Pic of the night: You were always on my mind.
Or, bluntly, I am sick.
I like hot-dogs, in principle. In fact, I like most sausages.
The catch is, I usually get sick if I eat them. I don't know if
it's shoddy ingredients, unhygienic storage, insufficient heating,
or if I've just eaten so many bad hot-dogs that it's become a kind
of habit. But if I eat hot-dogs, I will usually get sick. Yesterday
I ate two of them.
I wish I could just throw up and be done with it. Unfortunately, I
can't. (Presumably one can stick a finger or some such in one's
throat and one will throw up. Doesn't seem to work with me. I bet
there are people who would gladly have swapped this feature with
me. And I'd be happy to trade any day. Life just doesn't work that
way.)
And anyway, the offending foodstuff is probably running wildly back
and forth in my intestines right now, leaving the poor late night
sandwich to take the blame. Life has never been fair.

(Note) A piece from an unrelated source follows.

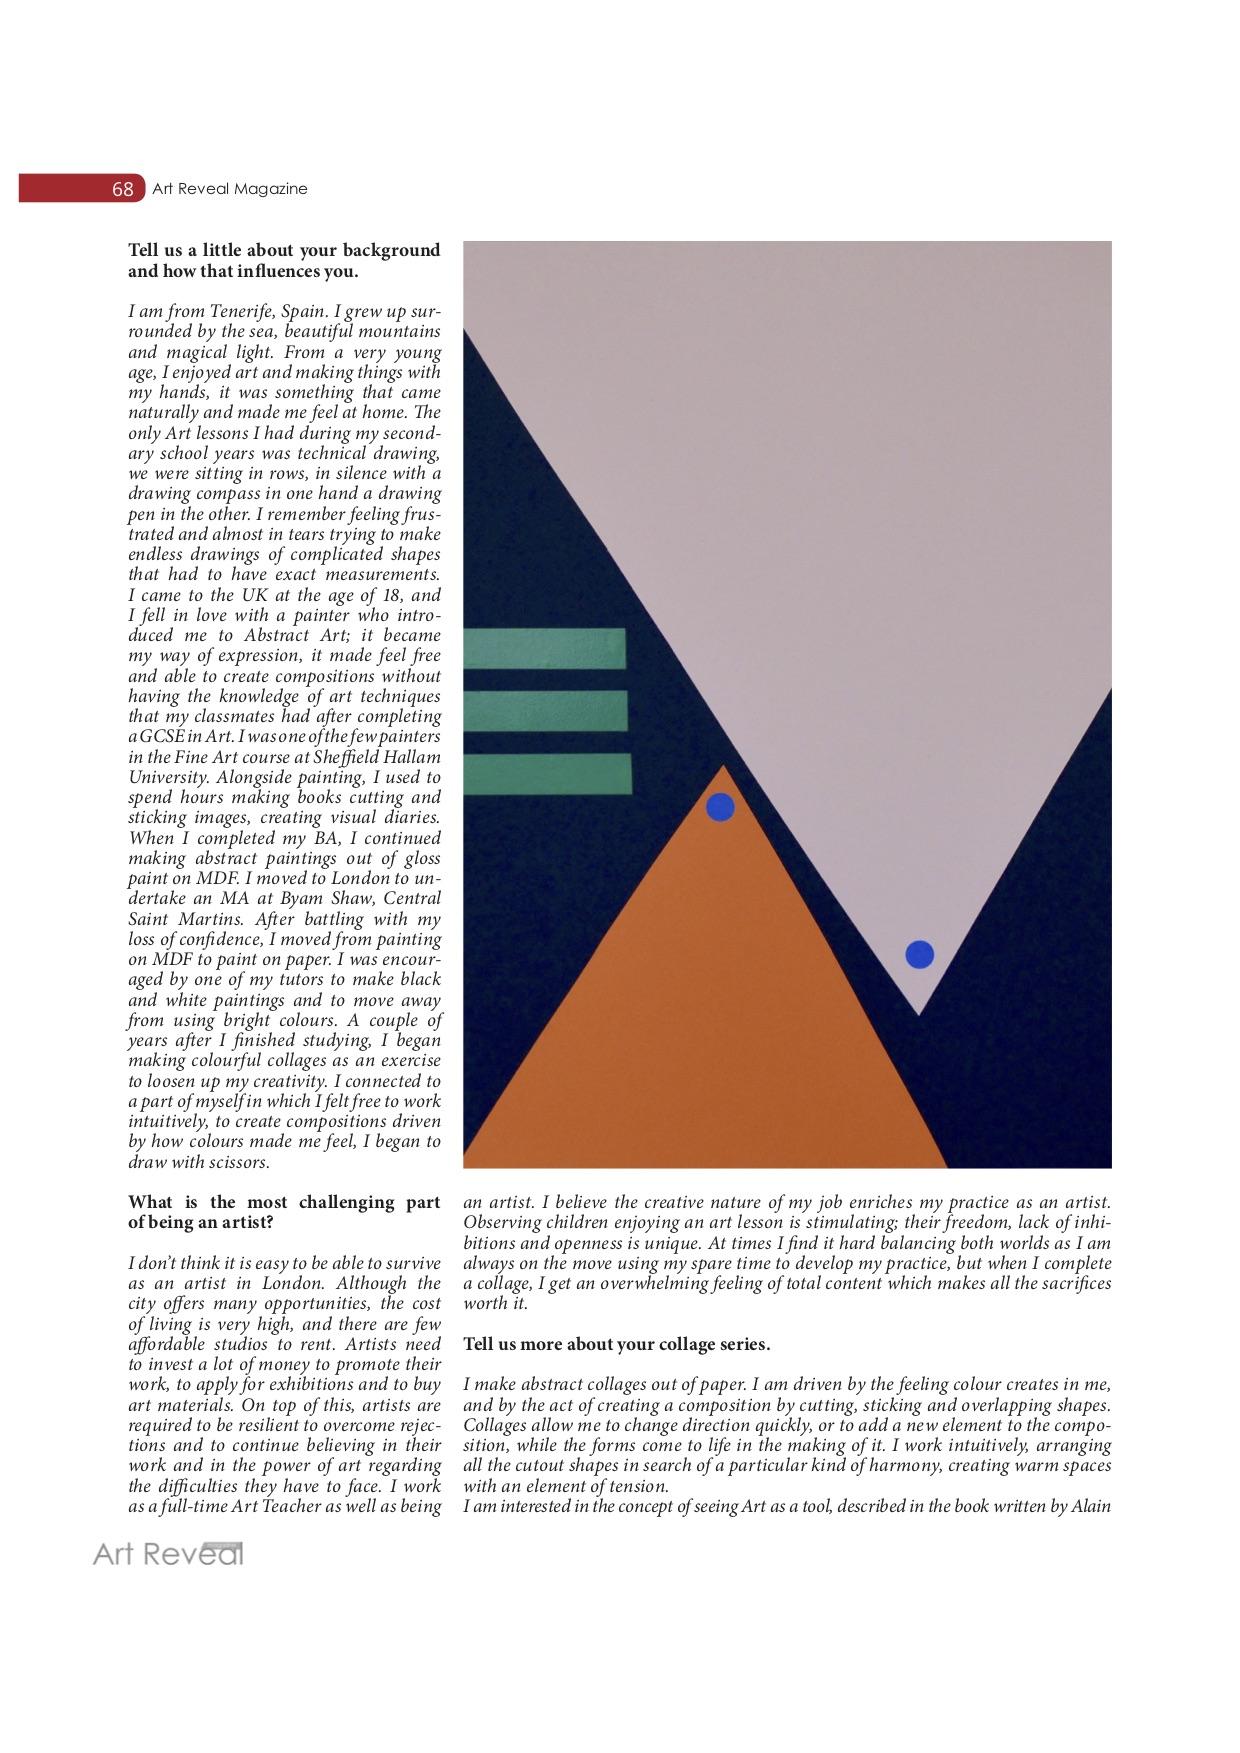 L Obon Art Reveal 2.jpg

Perhaps death is fair, but I am in no haste to find out.
Unlike most of you, dear readers, I'm theoretically a christian.
So, theoretically I should look forward with joyous expectation
to cross over from this mortal valley of tears and through the
pearly gates into the next and better life. Theoretically. The
fact that I never felt that way has worried me and still does.

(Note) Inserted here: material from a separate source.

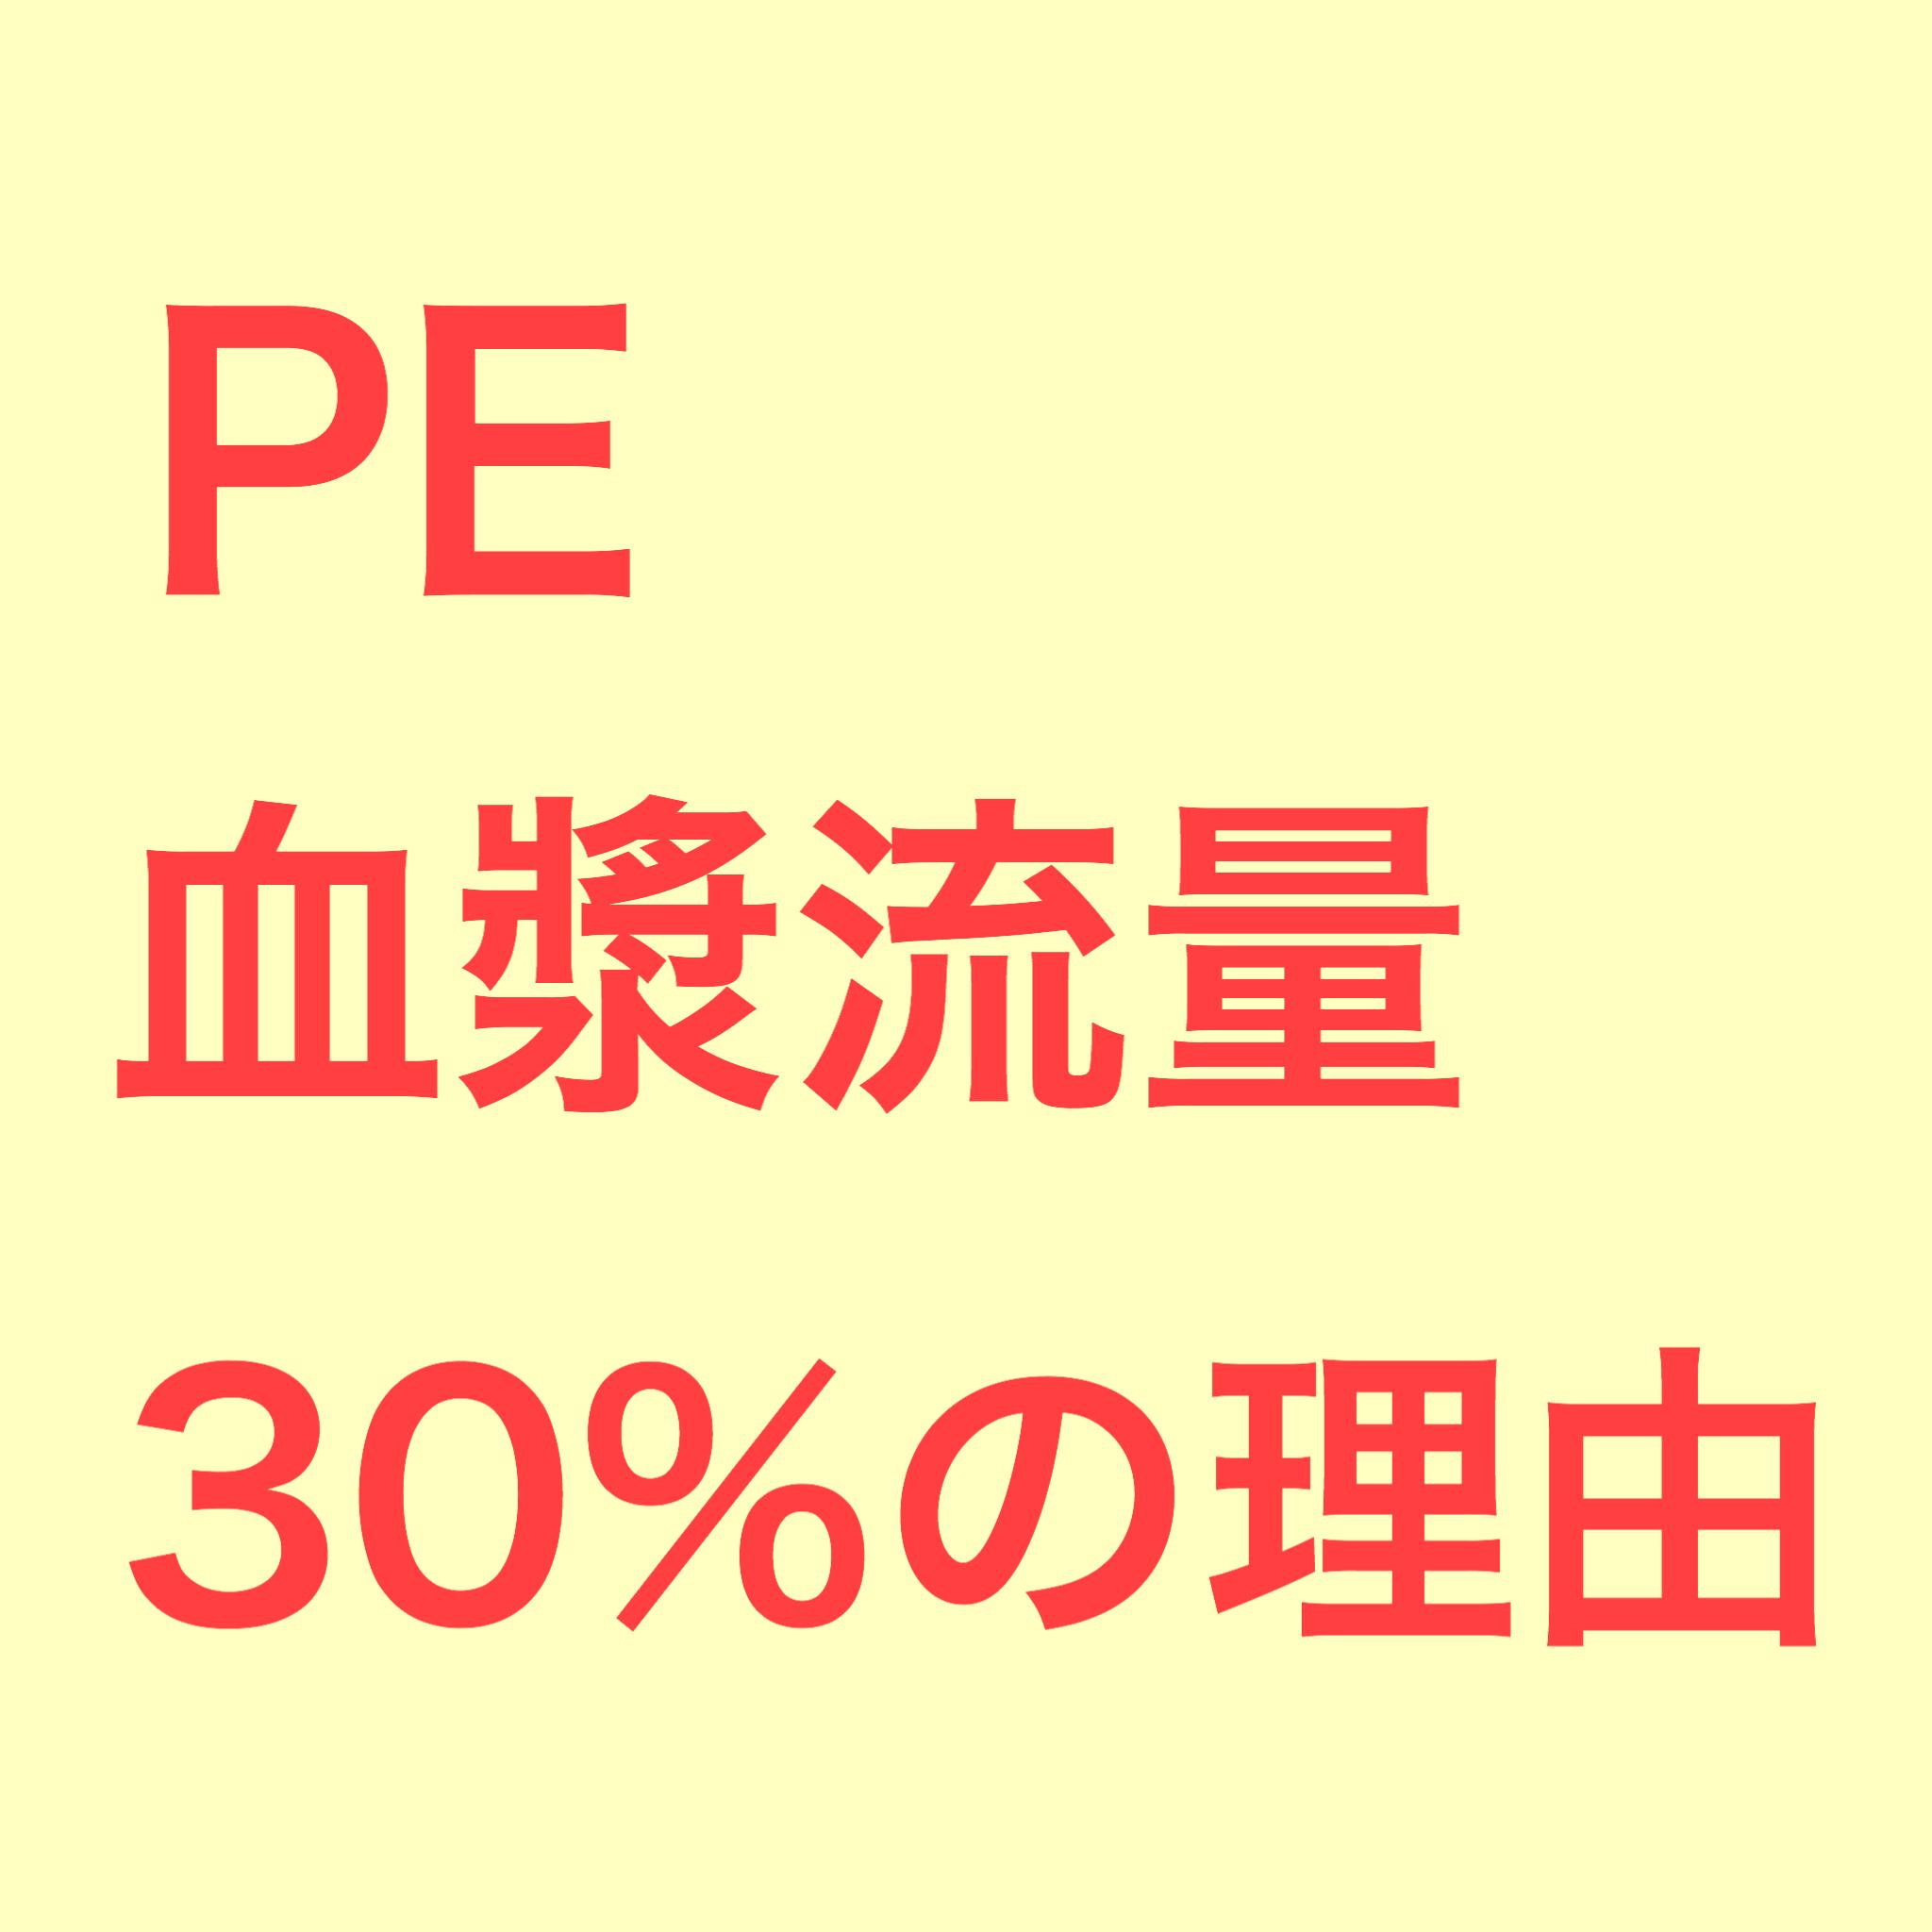 PE 血漿流量30%の理由 〜濃度分極層と血漿分離抵抗〜

Is my religion, as John the Baptist indicated to the pharisees, just
an attempt to escape a judgement that I feel I deserve? Then again,
isn't my religion the main reason why I fear death? I do not fear
oblivion in itself, the end of all. I resent it passionately, rage
against the dying of the light. But I do not fear it.
What I fear is something I don't consciously belive in: A vengeful
God that tortures people indefinitely for their short time of vanity
and self-absorbedness, which is what life is for most of us. I have
argued from the christian Bible often and many places that the "wages
of sin" is indeed death, as promised, not some painful half-life.
I could certainly find justice in that: That those who preferred
oblivion over subservience to their Creator would get their choice.
What I fear is not so much being found unworthy by God. That is
a given. What I fear is to find that God was unworthy of me.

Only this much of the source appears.